STEP13A: Single-cell gene testing
# In order to fine DE genes its important to annotate cells,
# this is where metadata comes to be important
# Our first method employs single cell differential gene expression using LR
# First lets save celltype info from active.idents into a metadata slot called celltype
pbmc$celltype <- pbmc@active.ident
# Lets check the clusters
table(pbmc$celltype)
# Now lets make a new metadata slot containing both peices of information, celltype and stimulation with interferon
# In order to do this we need to take data from two slots 1) pbmc$celltype and 2) pbmc$stim
# We will store this data in a new metadata slot called celltype.stim
pbmc$celltype.stim <- paste(pbmc$celltype, pbmc$stim, sep = "_")

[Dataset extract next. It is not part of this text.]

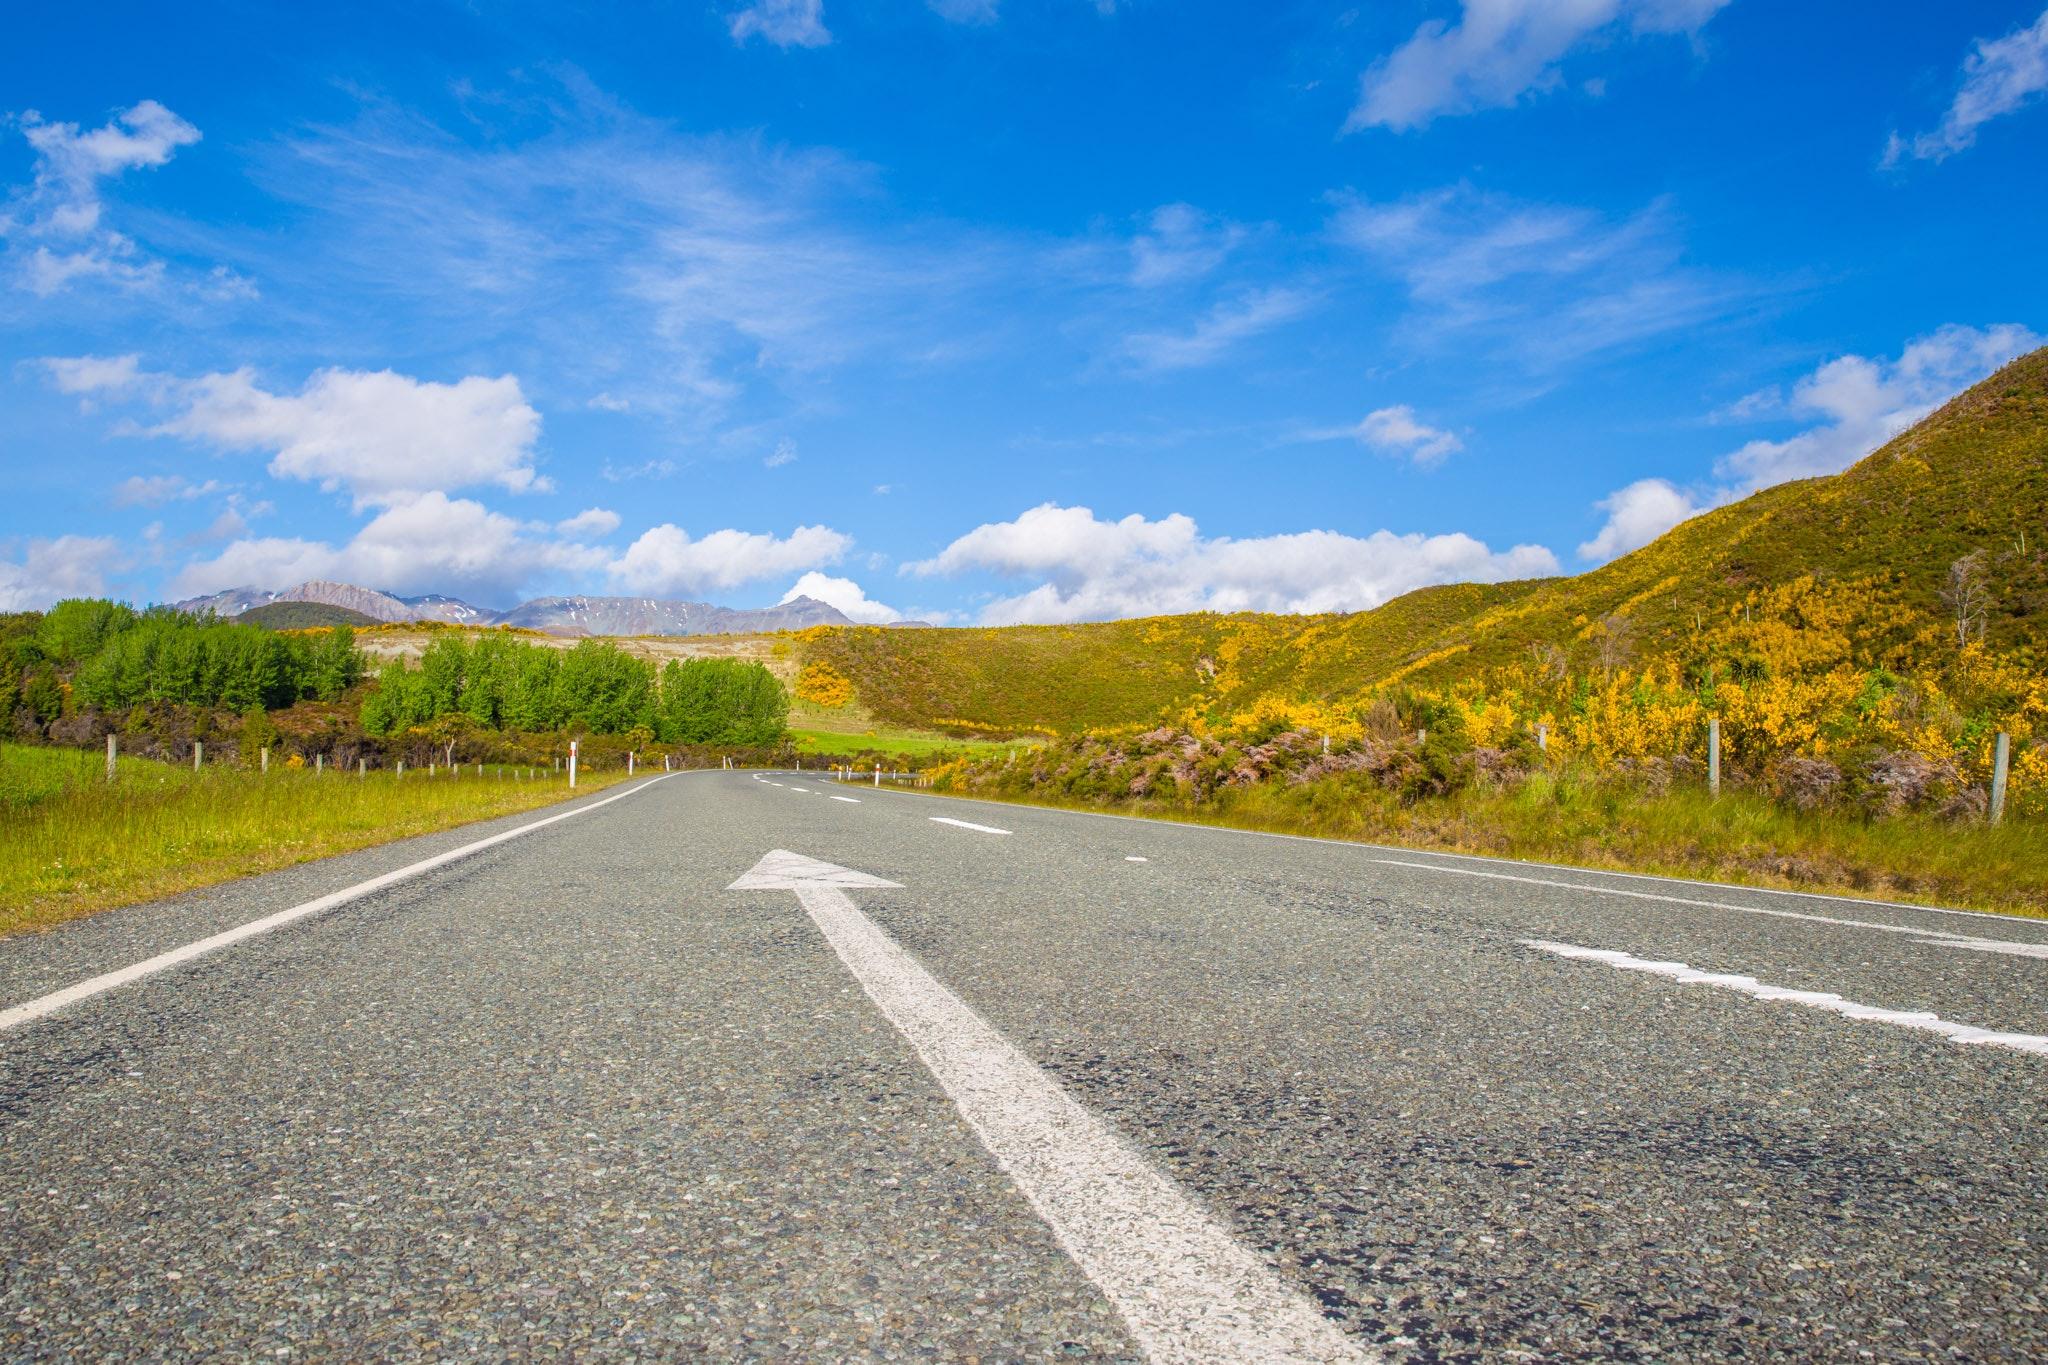 Road Passing Through Landscape Against Blue Sky, Arrow, Mountains, Travel, Summer, HQ Photo

# Now lets load this metadata in the active directory of seurat, so that seurat will pull this metadata by default
Idents(pbmc) <- "celltype.stim"
# Now lets run differential analysis
# HINT: Note that the ident.1 and ident.2 terms reside in pbmc$celltype.stim. maybe run table(pbmc$celltype.stim) to see a list of terms?
# If you cant complete all the steps to get here, thats okay! I have a seurat object called PBMC saved in a shared folder in a sub-folder called: \seuratobjects
# Just download that object and use qread or readRDS to load your object into R
b.interferon.response <- FindMarkers(pbmc, ident.1 = "B_STIM", ident.2 = "B_CTRL", # These are the two cell types/clusters that you want to run a DE test across. ident.2 is your control
slot = 'data',
test.use = "LR",
min.pct = 0.1,
latent.vars = c("donor"),
logfc.threshold = 0.5849, #~1.5FC
only.pos = TRUE,
verbose = FALSE)
# Got the DE test to run for your project? WOOHOO GREAT JOB!!! I knew you could do it!!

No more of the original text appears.